Do you think there exists a efficient algorithm(non brute-force) for the following problem. I search the optimal solution for the following problem: Given a vector $u=(u_1, u_2,..., u_k)^T$ with $\forall u_i \in \mathbb{N}, i \in \{1, 2, ..., k\}$. I search a vector $v=(v_1, v_2, ..., v_k)^T$ with $\forall v_i \in \{1, -1\}, i \in \{1, 2, ..., k\}$, such that the squared dot product $(uv)^2$ is minimal. Another objective funktion could be the absoulte value of the dot produvt $|uv|$. I have developed a algorithm that is based on a sorted list of $u_i$. But sadly this algorithm does not always calucluate the optimal value.

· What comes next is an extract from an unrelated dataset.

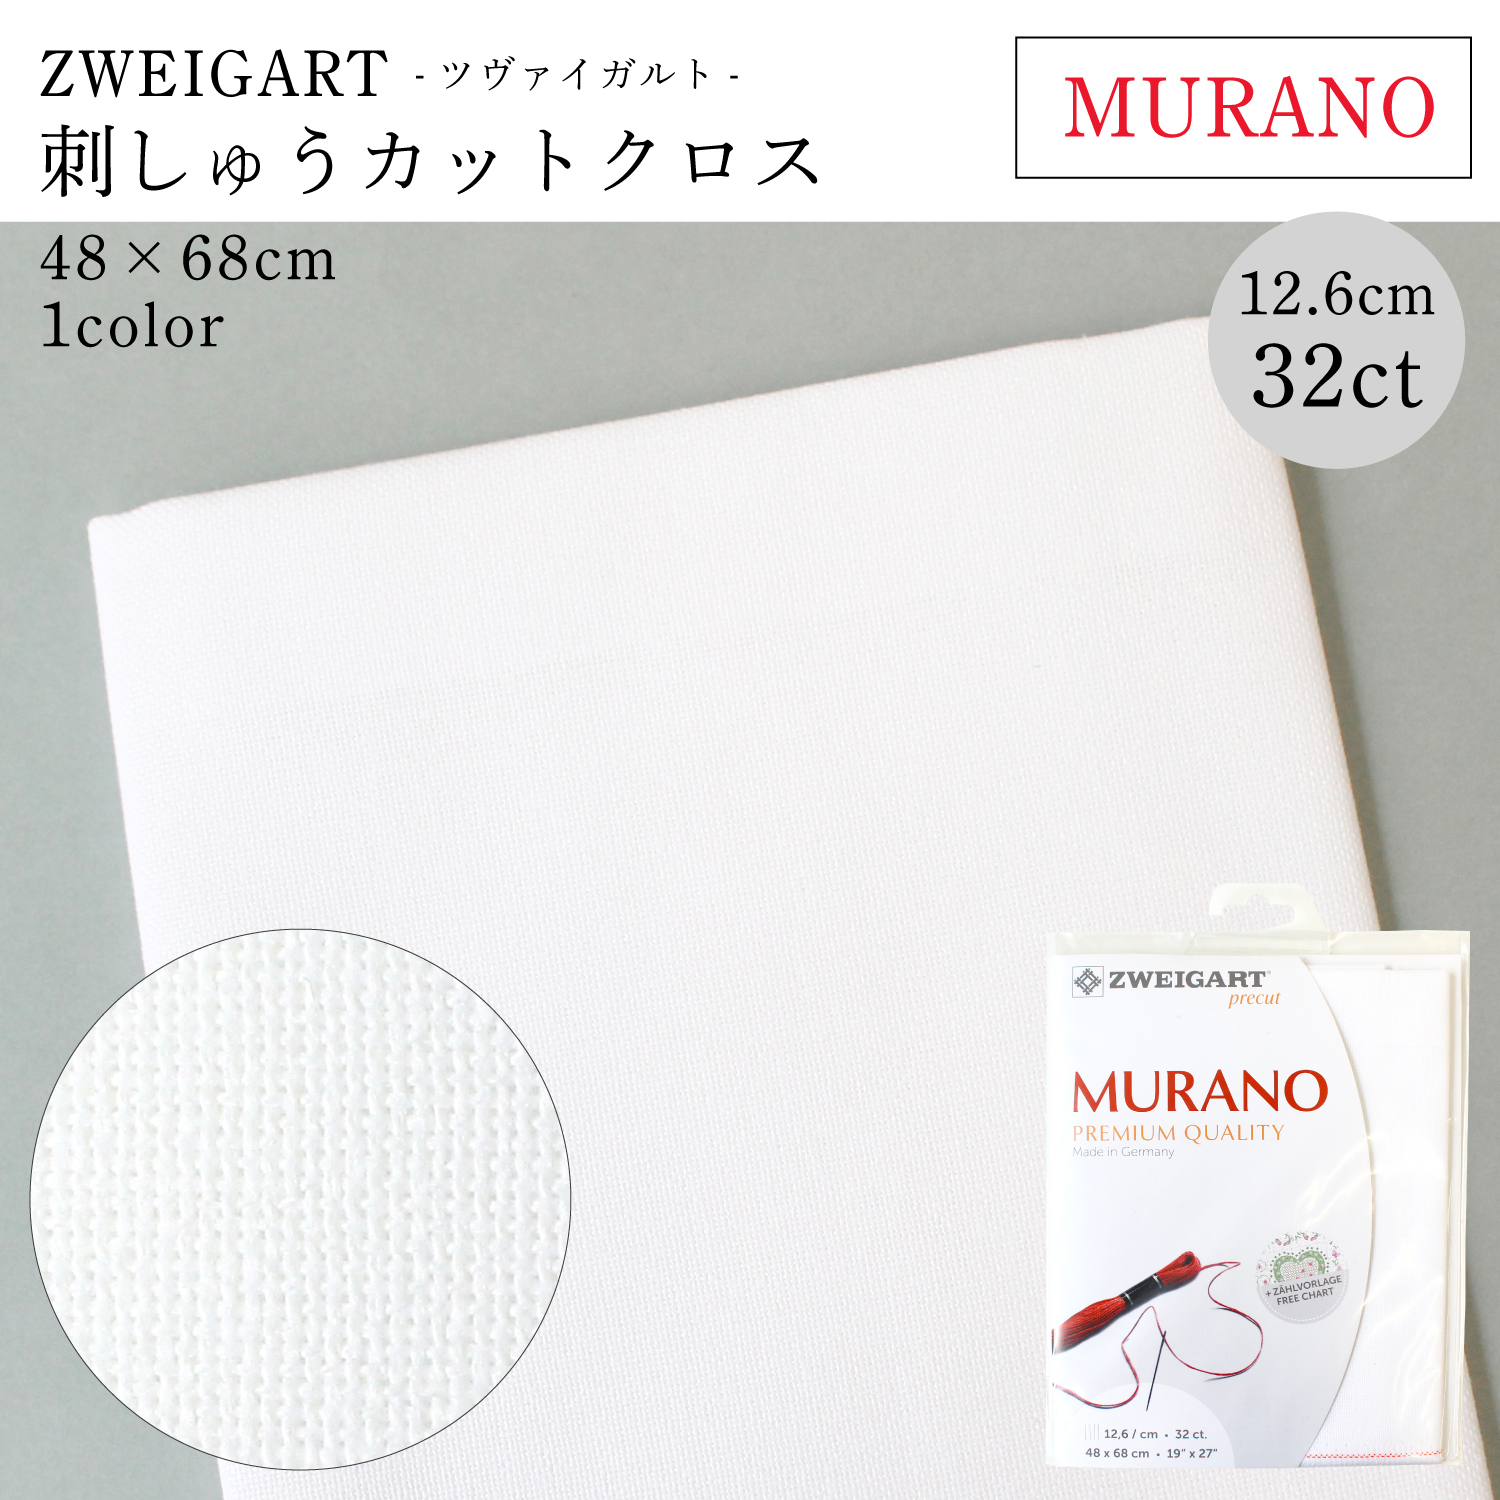 ZW3984P TWEIGART Embroidery Cloth 32CT MURANO 48x68cm (bag)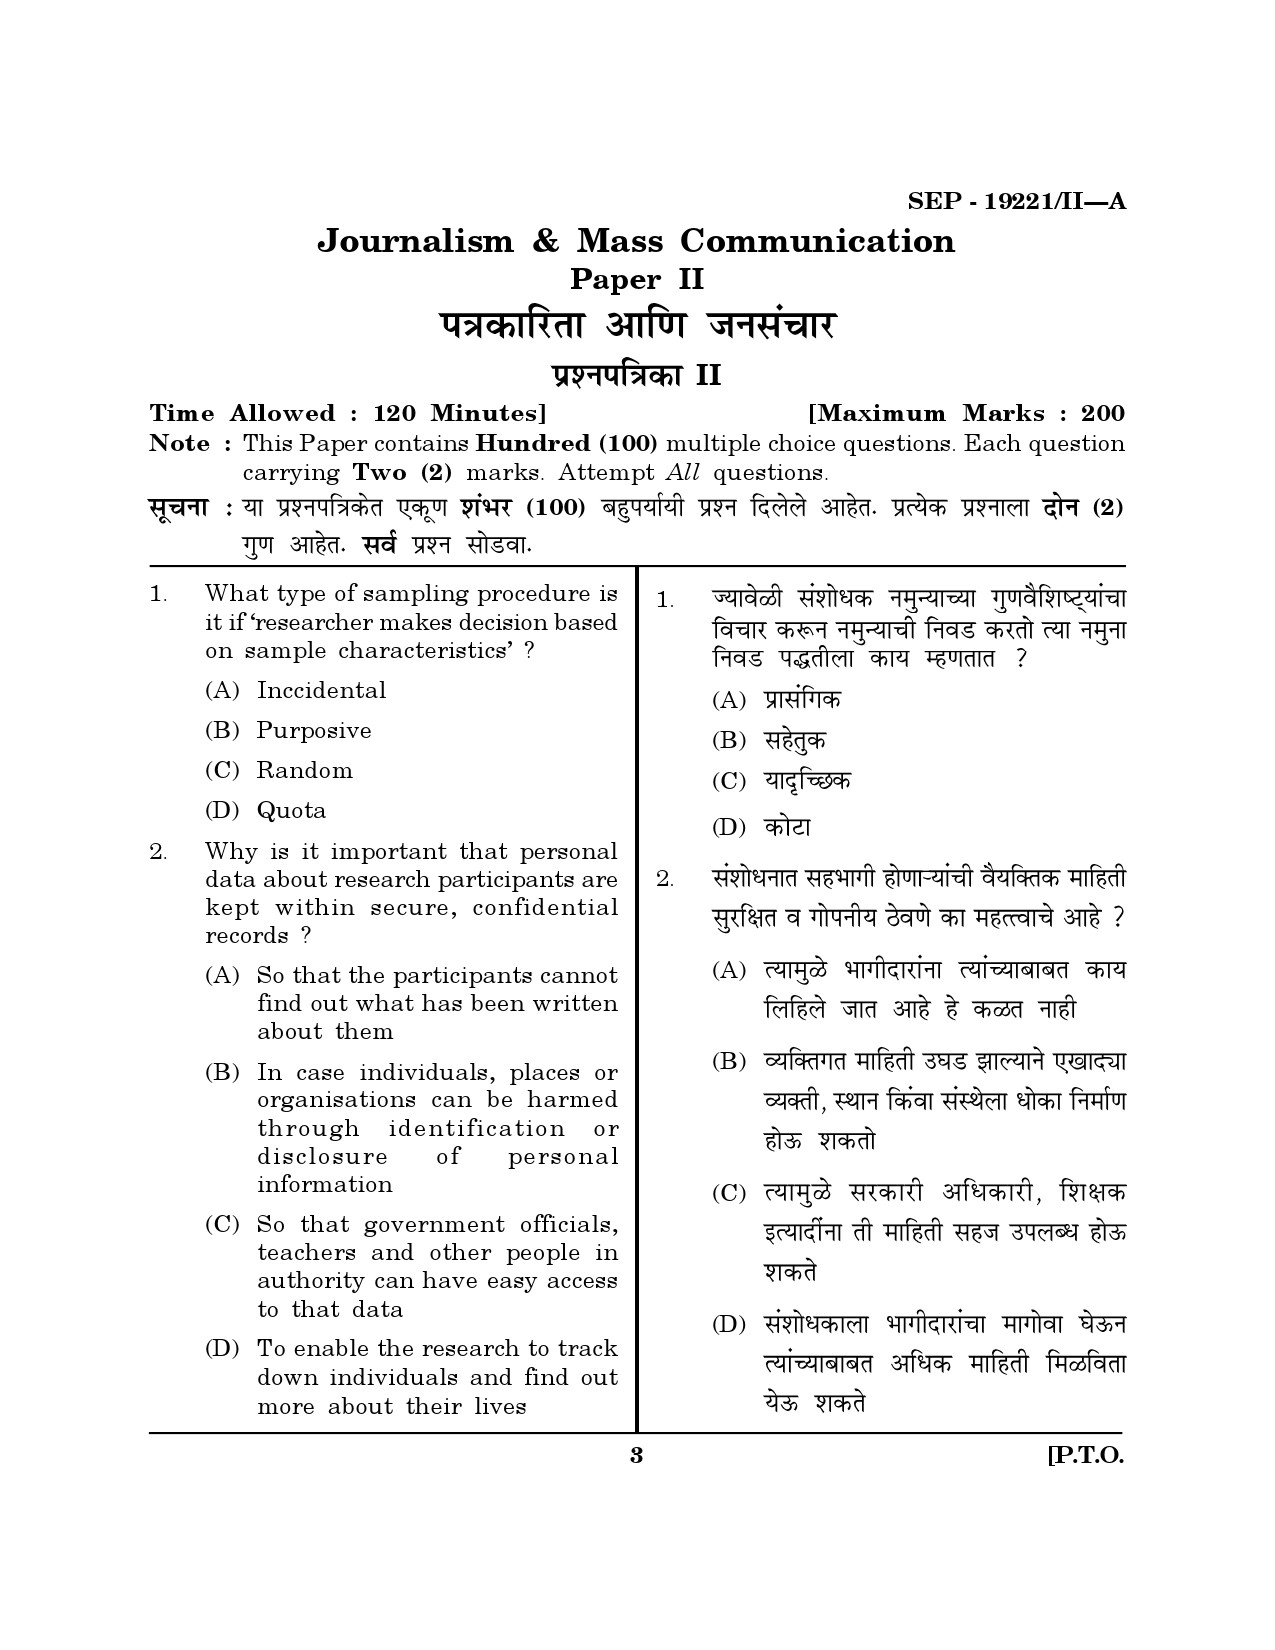 Maharashtra SET Journalism and Mass Communication Exam Question Paper September 2021 2

Any ideas? Thanks in advance!
This is, unfortunately, an NP-hard problem. It is a special case of the general quadratic maximization problem \begin{array}{ll} \text{minimize} & v^T Q v \\ \text{subject to} & v_i^2 = 1, ~i=1,2,\dots, n \end{array} where, in this case, $Q=uu^T$. The class of problems for general $Q$ is of considerable academic and practical interest. I found these lecture notes by Pablo Parillo at MIT that provide an overview of the problem an techniques for solving it approximately.